Since the subtype information is not used in the construction of the PSFA network and the assessment of co-phosphorylation, the identification of the Co-P modules is agnostic to the clinically determined subtypes of the samples; i.e. CoPPNet is an unsupervised method for the identification of BC-associated signaling modules. However, since the Co-P modules capture co-variation across different samples and this variation can be associated with subtypes, these modules can be informative on subtypes. Motivated by this consideration, we investigate if the phosphorylation levels of phosphosites in the identified modules can differentiate BC subtypes. The results of this analysis for the Huang et al. dataset are shown in Figure 3 and Supplementary Figure S1. Subtype-specific differential phosphorylation of Co-P modules identified on the Mertin et al. dataset are presented in Supplementary Figure S2.

Fig. 3.

Fig. 3.

The phosphorylation sites in top Co-P modules identified in Huang et al. via unsupervised analysis are associated with BC subtypes. The fold change of the phosphosites in each module are sorted in increasing order of average relative phosphorylation in Luminal samples (purple) with respect to the common reference. The green bars represent the average fold change of phosphorylation in Basal samples. (Color version of this figure is available at Bioinformatics online.)

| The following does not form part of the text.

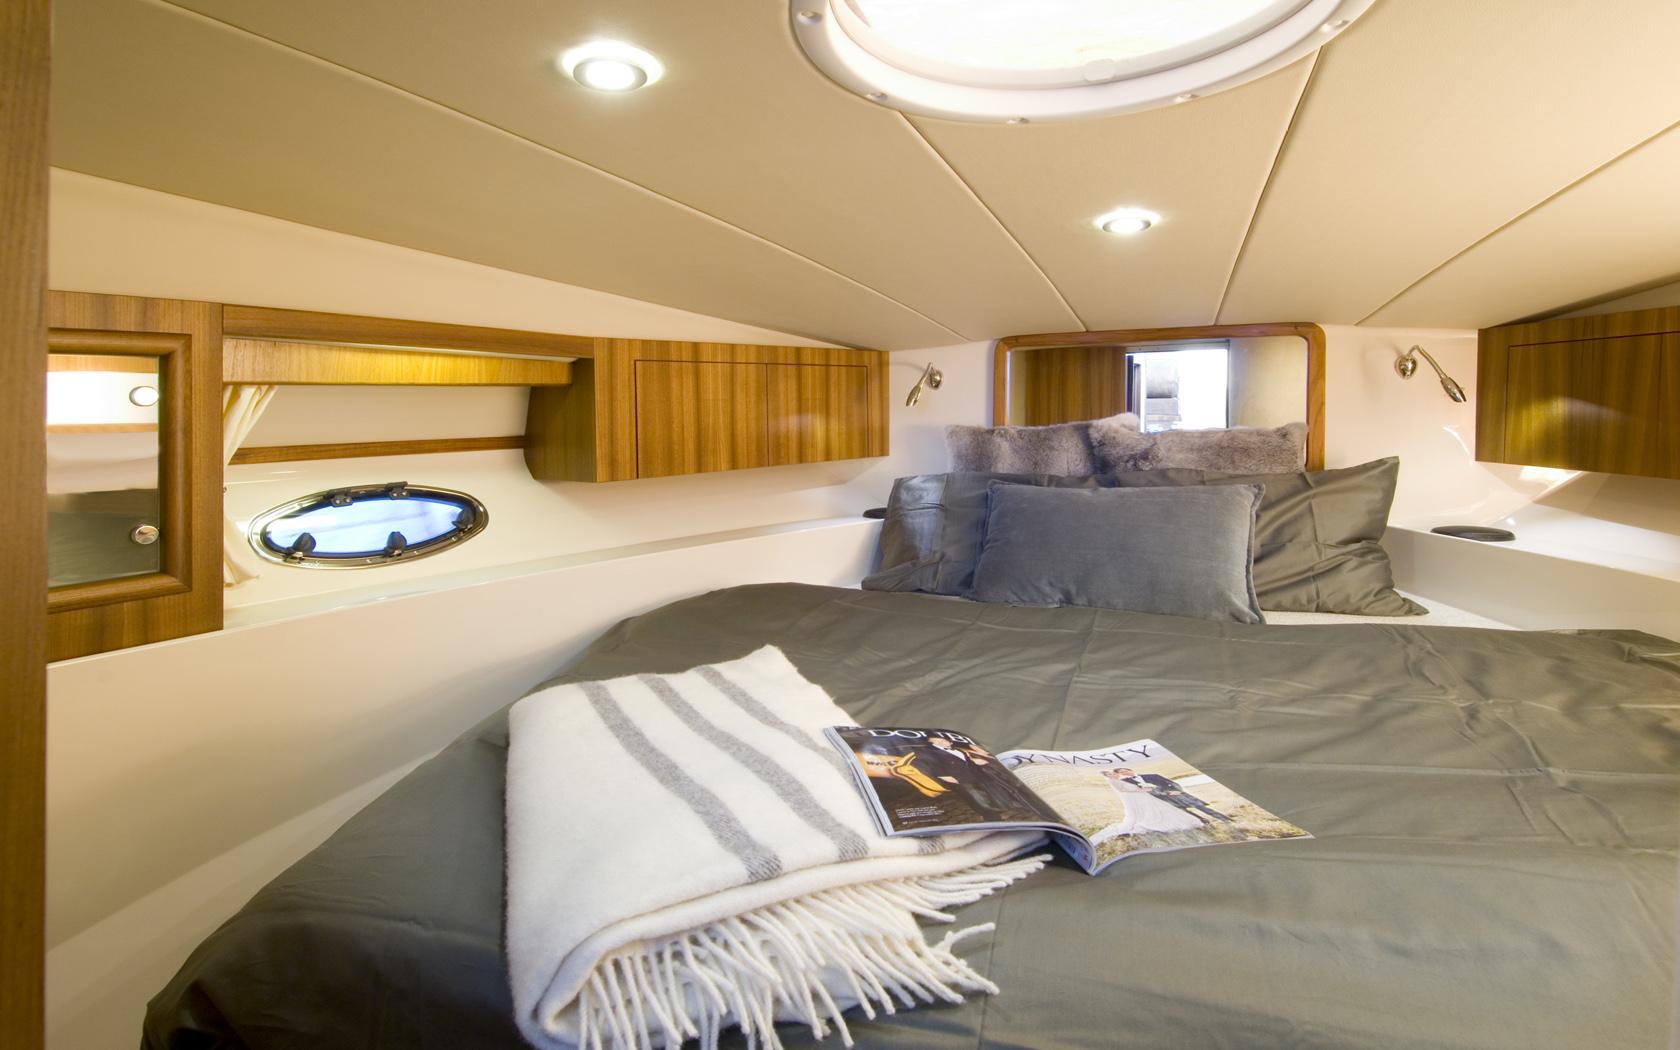 Marex 350 Cabriolet: below deck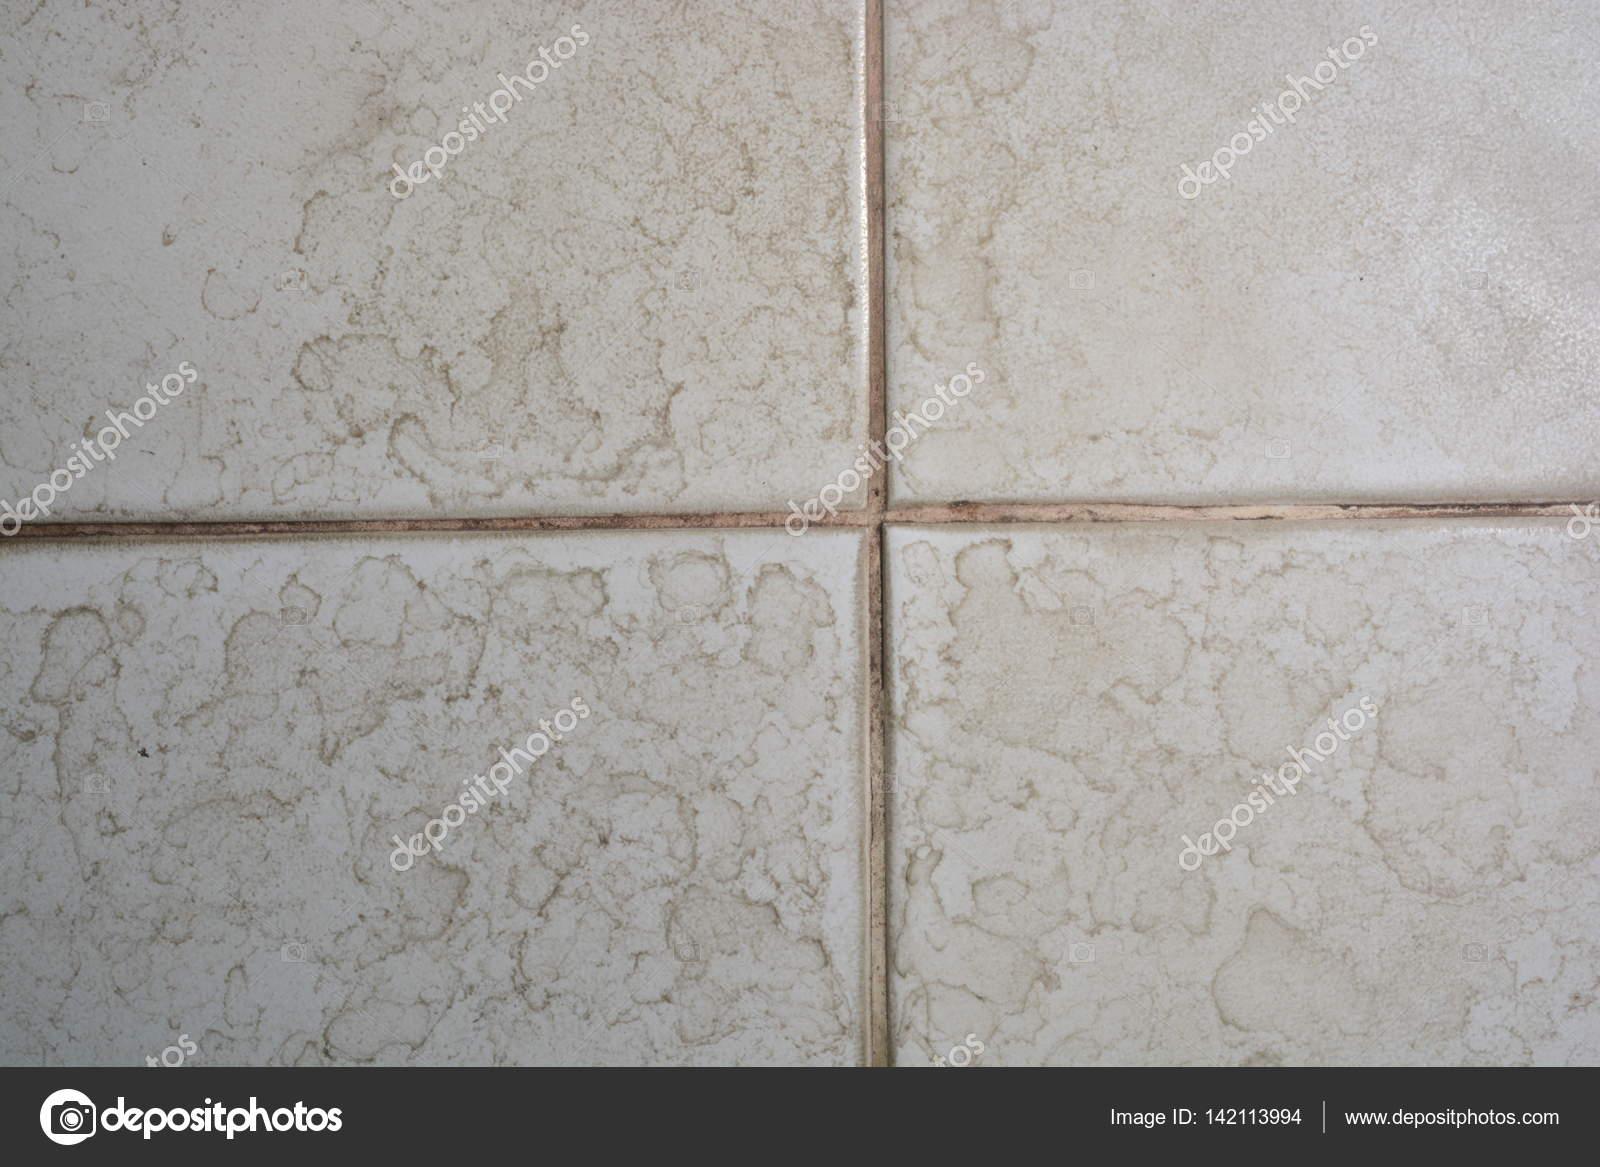 Bruine Vlekken Badkamer : Close up van de badkamer vloer tegel structuur met water vlek plek

As seen in Figure 3, top significant Co-P module identified on the Huang et al. dataset is highly enriched in phosphosites with significant differential phosphorylation between Luminal and Basal subtypes. There are 14 phosphosites in the top Huang et al. module with significant differential phosphorylation between Luminal and Basal subtypes (P < 0.05). Eight (DPF2-T176, THRAP3-T874, TERF2-S365, EIF4A3-T163, SETDB1-S1066, TCOF1-S982, PRPF31-S451, PML-S518) out of 14 of these sites are hyper-phosphorylated in Basal samples and de-phosphorylated in Luminal samples. For some of the proteins harboring these sites, the differentiation between BC subtypes also has been captured at the level of mRNA expression. For example, PML (promyelocytic leukemia) and SETDB1 (SET Domain Bifurcated 1) are significantly up-regulated in Basal cancers as compared to Luminal cancers, and their expression is related to the survival rate of the patients (Carracedo et al., 2012; Jiang et al., 2016). We have also compared the relative phosphorylation levels of the sites in the identified modules (Luminal versus Basal) between the Huang et al. and Mertin et al. datasets. For module 1, the Pearson, Spearman and biweight mid-correlation between the relative phosphorylation levels of the sites across the two datasets are, respectively, 0.37 (P < 0.004), 0.37 (P <0.003) and 0.39 (P <0.005). For module 2, the Pearson, Spearman and biweight mid-correlation between the relative phosphorylation levels of the sites across the two datasets are, respectively, 0.03 (P <0.41), 0.41 (P <0.01) and 0.25(P <0.01). The result of this analysis is presented in Supplementary Figure S3.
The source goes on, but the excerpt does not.